Subject: RE: Help: Pace Egging?
The following is taken from Charles Kightly's The Customs and Ceremonies of Britain (Thames and Hudson, 1986); not the best reference available, but the only one I have to hand:

"Paste (Pasch: Easter) or Pace Egging was ... popular throughout Northern England and Scotland, and particularly in Lancashire and Cheshire, where it survived until at least the Second World War... In earlier generations, [the song} would have been sung by young men - doubtless more interested in money and "small beer" than eggs - as part of a Pace-Egg Play, a regional variant of the Mumming Play: similar plays were also much acted in West Yorkshire, where revived local versions can be seen on Good Friday at Mytholmroyd, Midgley, Brighouse and elsewhere in the Halifax area.

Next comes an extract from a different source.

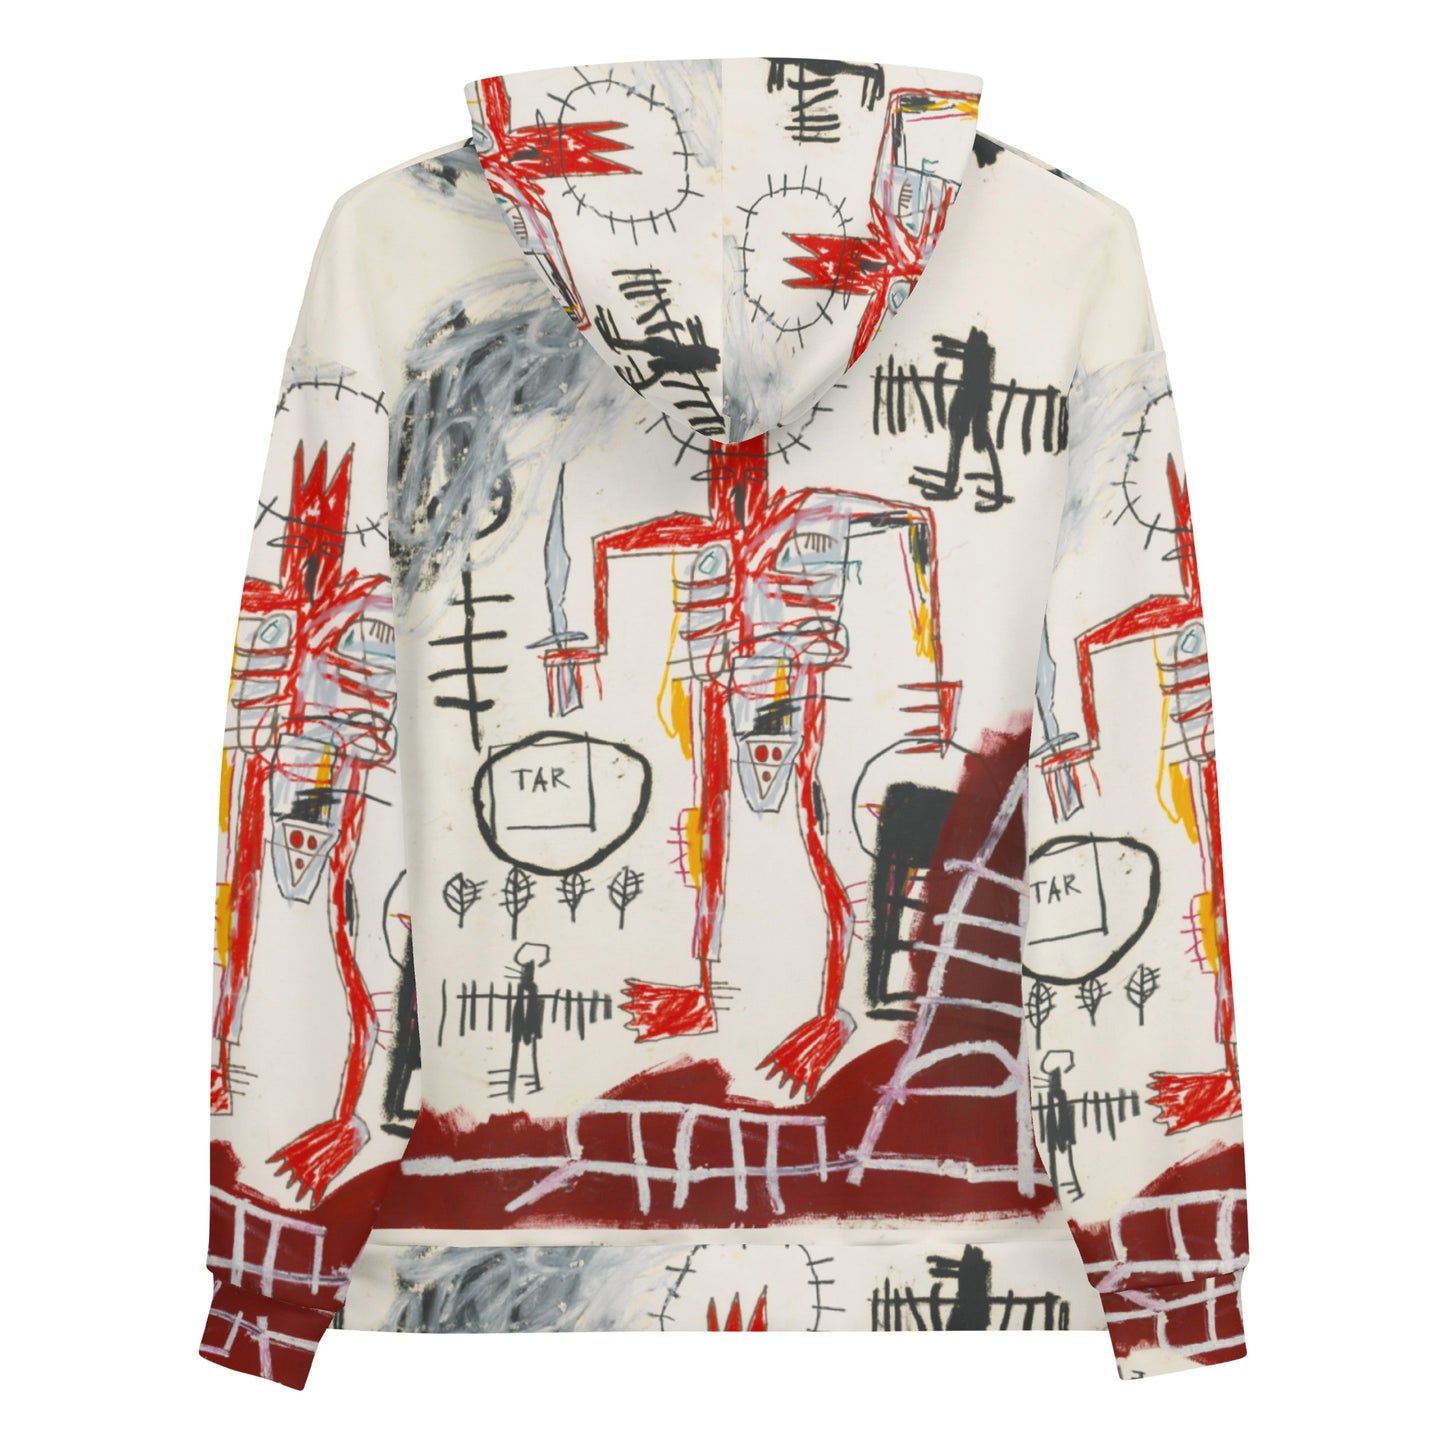 Jean-Michel Basquiat "Untitled" Artwork Printed Premium Streetwear Sweatshirt Hoodie Harajuku Graffiti

Once collected (or, in recent times, bought) "real" Easter eggs are still often painted, decorated or dyed either by boiling in a coloured cloth or with some natural dye like onion skins (for a golden-brown egg); furze-blossom (yellow); "Pasque flower" (bright green) or cochineal (for the favourite red).  Then (if not eaten for breakfast) they may be concealed about the garden for an egg hunt: or, especially in northern Britain, hard-boiled for egg rolling down a hill or slope - the winner being, according to local preference, the one which rolls furthest, survives most rolls, or is successfully aimed between two pegs.  In many places this ancient sport... takes place on Easter Monday at a site fixed by long tradition.  Such include Arthur's Seat in Edinburgh; the castle moat at Penrith, Cumbria; Bunker's Hill, Derby; and, best publicized of all, Avenham Park at Preston, Lancashire, where tens of thousands roll and then eat both eggs and (latterly) oranges.

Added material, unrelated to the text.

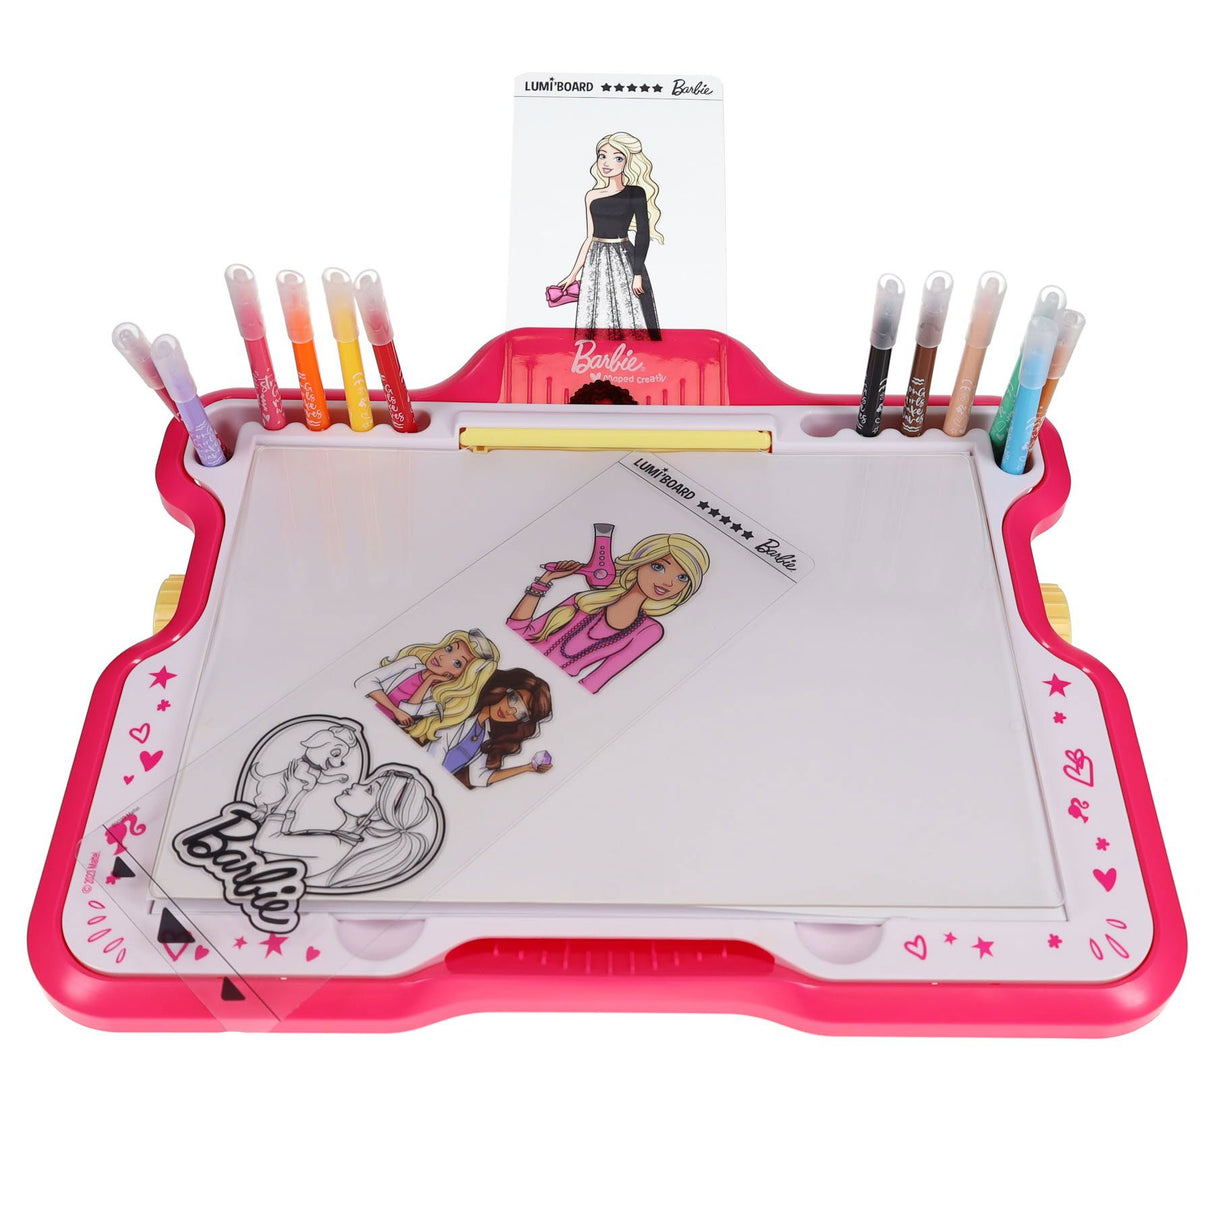 Maped Lumi Board - Barbie | Stationery Shop UK

Alternatively, the eggs may be "dumped" (another northern habit) by being clasped firmly in the hand and smashed against that of an opponent until one or other breaks: or (as in parts of south-western England) a number may be marked and "shackled" (shaken) together in a sieve, the last to crack being the winner.  All such old egg customs, however, are now in acute danger from the 20th century's principal contribution to the Easter canon, namely the chocolate Easter egg."